# Forum Home Renovation Metalwork & Welding  Best metal work tools you own or would like to own ... :)

## Marc

If I had to say which one of my metal work tools I like the most, I will have to say it is the Feins magnetic base drill doubling up with the core drilling bits. 
The bliss of drilling any size hole without a twist drill that jams, rattles, can not cope and needs pilot or steps or resharpening every day ... 
DId I mention drilling 10 mm plate with the pressure of one finger? Drilling vertical beams? Upside down?   :Biggrin:

----------


## Uncle Bob

My dream machine would be a water jet or lazer cutter. Though before that I'd like a press break, guillotine, Tig welder, rollers and the list goes on  :Smilie:

----------


## PlatypusGardens

I don't think I can single out just one tool/machine
they're all equally valuable and get plenty of use. 
Even if some, like the bench grinder only gets used for 5 seconds at a time, mostly the wire wheel, and others like the welder get used for hours on end. 
As soon as one of them is out of action I notice how much they get used.   
I would love a BIG metal lathe (and the space for it  :Rolleyes: ) 
BIG... as in *BIG* as in 250-300mm chuck grip capacity and 1000-1200 bed.    :Shock:     
Maybe one day   :Smilie:

----------


## METRIX

Cordless Grinder, and my Transmig

----------


## Marc

Yes, all good choices. 
About the water jet, they need massive amounts of power and cost a bomb.
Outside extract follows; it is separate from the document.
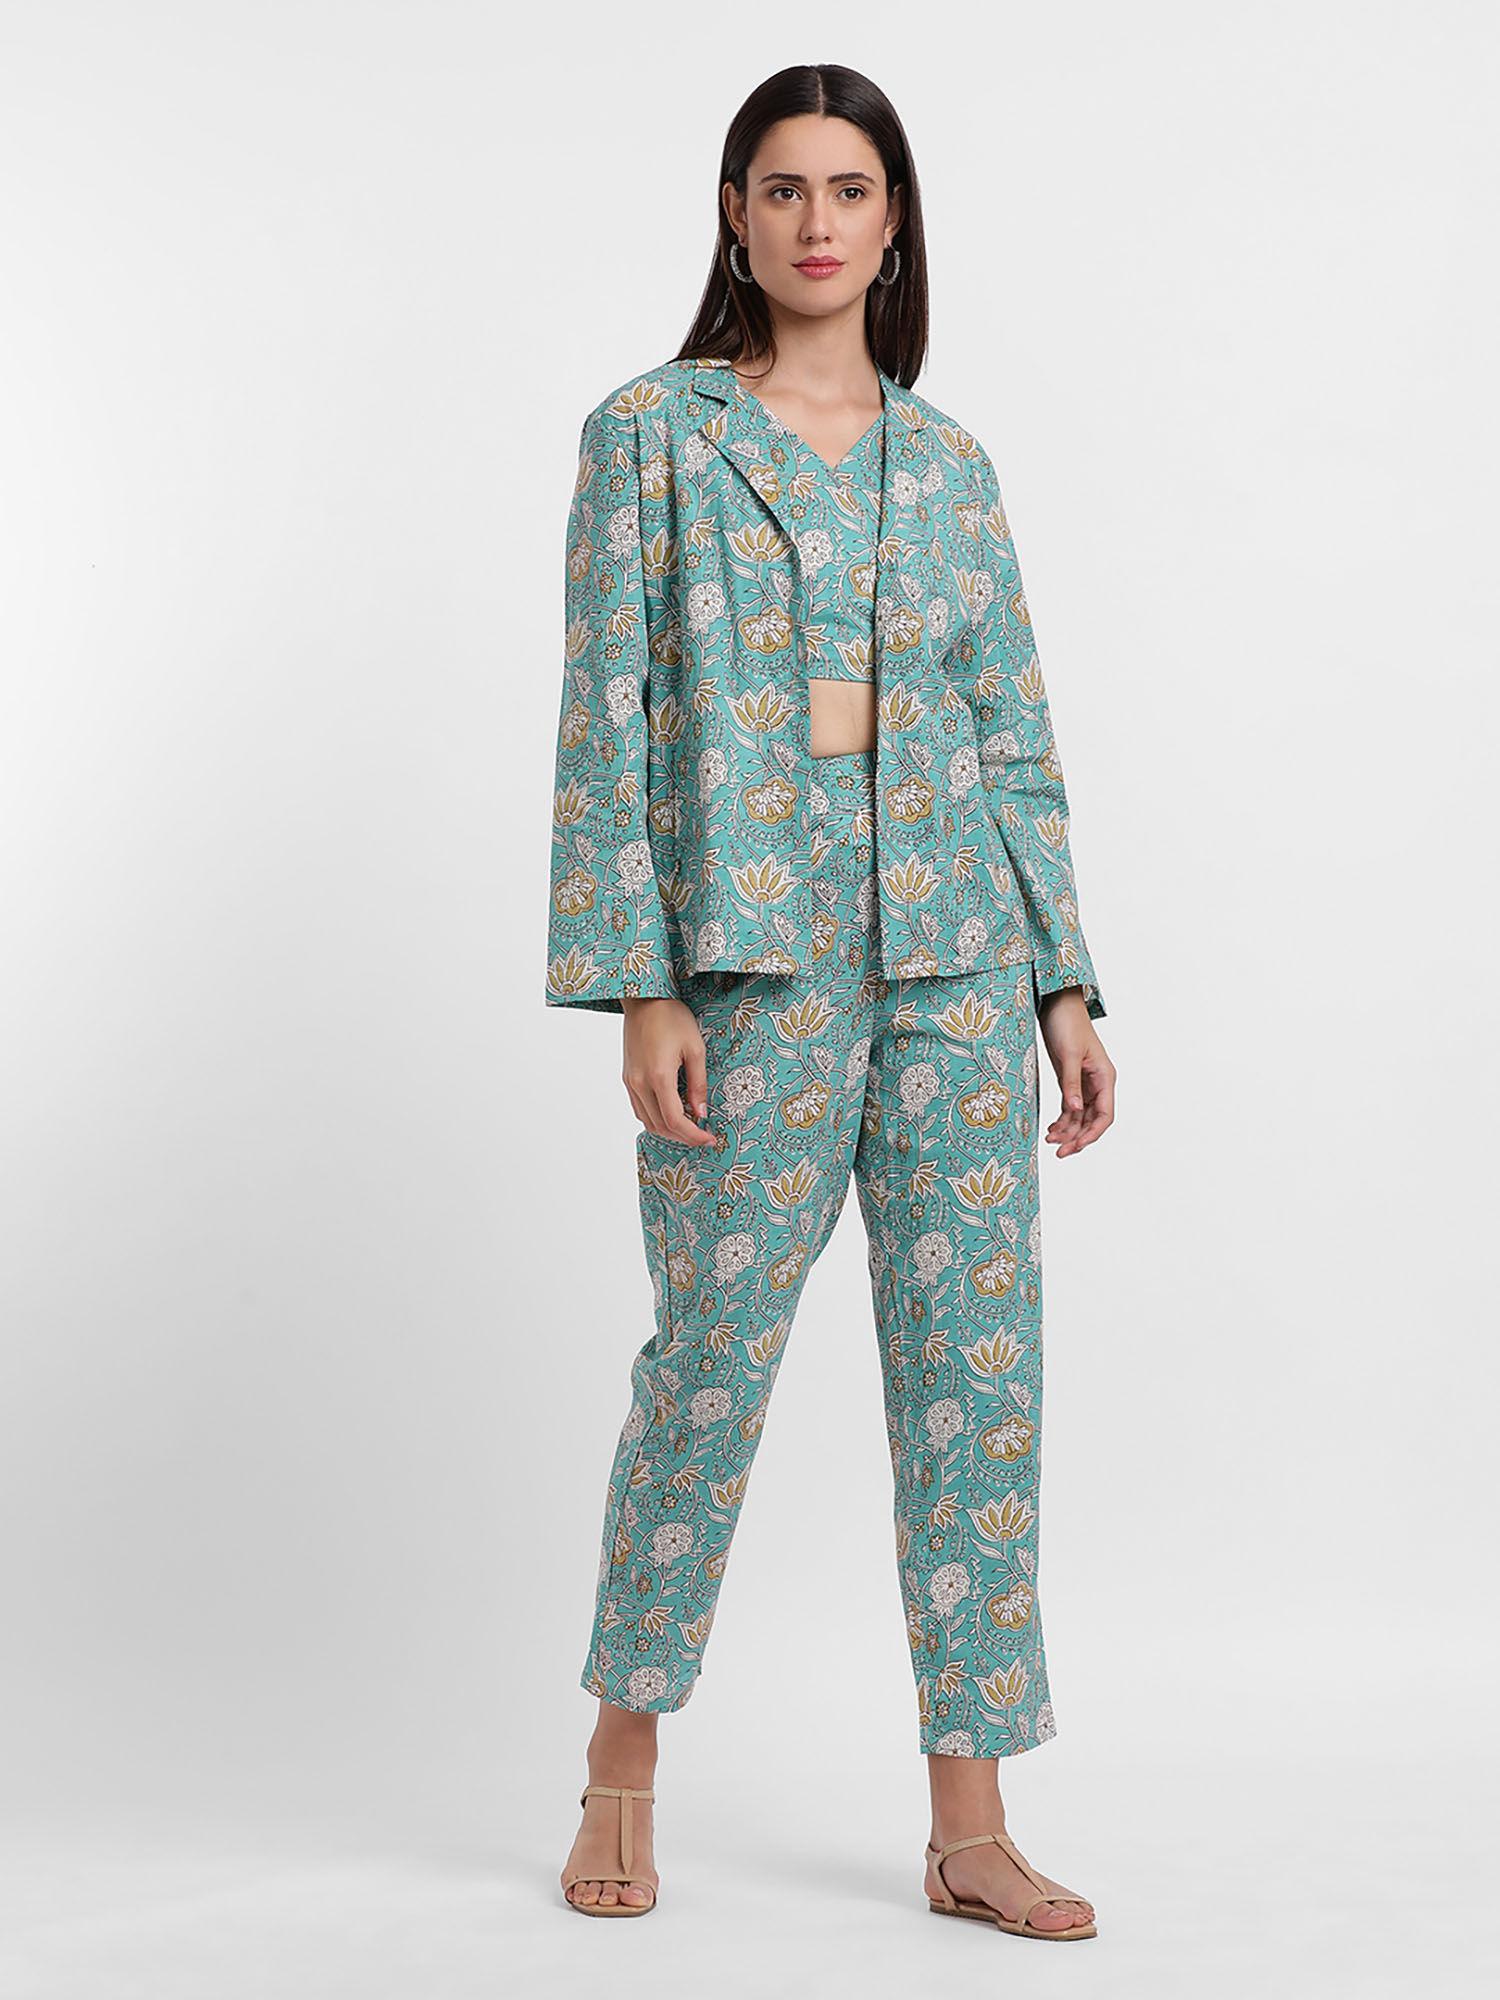 teal printed cotton top with jacket & pant (set of 3)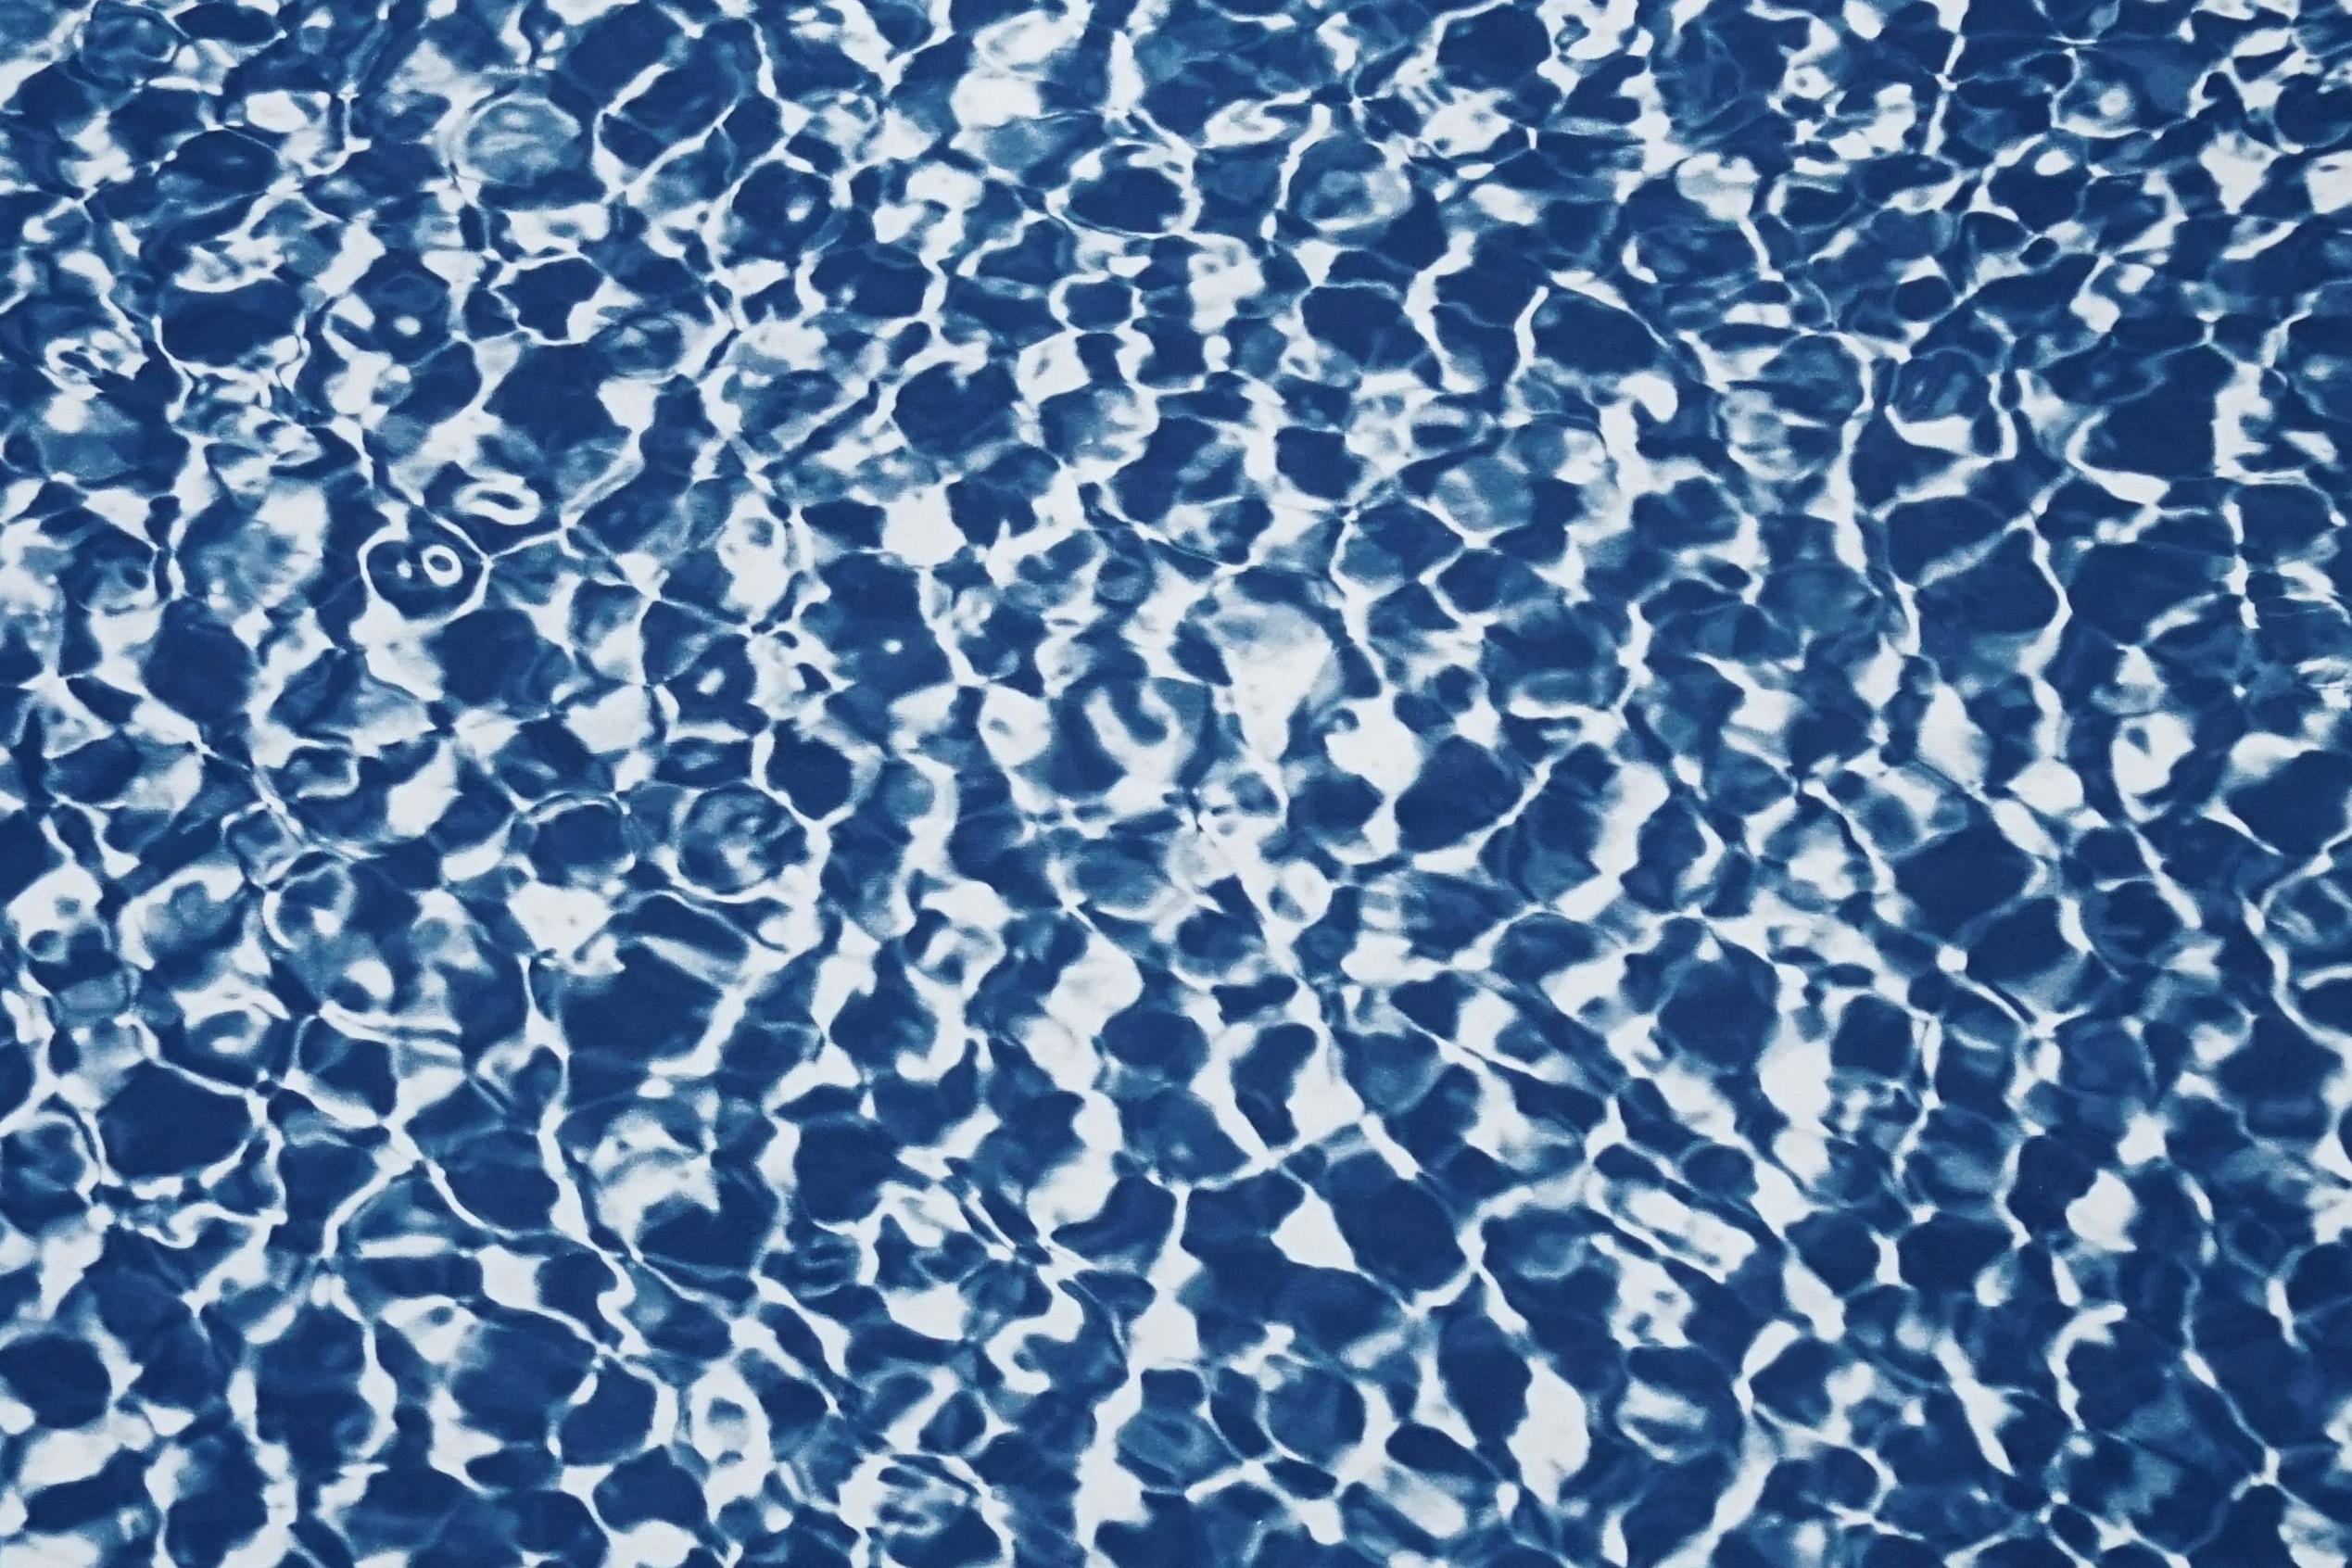 Infinity Pool, Cyanotype on Watercolor Paper, 100x70cm, Blue Abstract Art - Contemporary Photograph by Kind of Cyan

However you can still have a very fancy CNC cutting table with a biggish plasma cutter in water. 
Big Big​ lathe, they are fun. if you have the room you can get them at auction sometimes very cheap from factory that close down, and they do so all the time unfortunately. 
Welder, sure, couldn't do without it. Cordless grinder ... I dunno, can't get used to it, always reach for the Milwaukee twins. \\ 
Which reminds me to add to my wish list this little baby, now that they have figured it out, and works as well as the corded one that never got to us,  and it sells here almost at the same price as in the US ...

----------


## PlatypusGardens

Hmm yes actually a decent size floor mounted bansaw for metal would be great.
Quiet, but a bit slow, but that's ok, set it up, let it do the cutting while you tinker with something else.
Far more pleasant than a noisy cutoff saw.  
Hm. 
ok  
I dream of a cold cut mitre saw too I suppose.
Maybe next year   
Sigh

----------


## Marc

Macson Metal Lathe Auction &#40;0010-7011798&#41; &#124; GraysOnline Australia

----------


## PlatypusGardens

> Big Big​ lathe, they are fun. if you have the room you can get them at auction sometimes very cheap from factory that close down, and they do so all the time unfortunately.

  
yeh just gotta be in the right place at the right time.    
Dunno if I said this already but a mate told a story about someone he knew somewhere who responded to an ad in the local paper about "metal working machines" for sale.
Turns out it was a widow selling her hubby's gear. 
There was every machine you could think of. 
lathe
drillpress
bandsaw
Press
bender
sheet folding machine
notcher
welders
english wheel (is that what they're called?)
rivet guns
big vices, anvils, hammers
etc
and more
and then some 
EVERYTHING
And 3 of everything. 
He got it all for some ridiculous price, and had already found buyers for half of it before he had loaded it on his truck.  
All good everyone happy deal done.    
A week later the old lady rings him and asks when he's coming to get the rest.....
He goes back and there's another shed with just about the same amount of stuff  :Shock: 
the old boy had been buying and collecting machines for years, decades. 
Apparently he ended up giving her another "couple" grand as he made a shedload of cas from selling the second lot of gear.  
And he still walked away with a full workshop setup for himself.    
Maybe one day that will happen to me   :Sigh:

----------


## PlatypusGardens

> Macson Metal Lathe Auction (0010-7011798) | GraysOnline Australia

  
That would take up the best part of my shed haha  
Not to mention the fact that I'd never get it in there in the first place.....maybe take the roof off and crane it in   :Unsure:

----------


## Marc

Talking about BIG ... PG, do you ever see an anvil for sale when you go metal hunting? I am after a larger anvil 100k and above. Some do come up on gumtree and ebay but they are either in deplorable state or priced higher than new. 
This is the one I _ really_  would like ... about 2000 euros FOB Sydney, a bit pricey for now  :Smilie:  but considering some lunatic prices on ebay for abused wrecks, it's actually cheap.   http://www.blksmth.com/images/large_...0a%20small.jpg 
Germany has 19% VAT (GST) thank you greenies  :Frown:  
OK may be a bit too big that lathe, but you see the price? Giveaway, that must have costed 50,000 new. It's an auction I know but it will probably go for a few thousands if that.

----------


## PlatypusGardens

> Talking about BIG ... PG, do you ever see an anvil for sale when you go metal hunting?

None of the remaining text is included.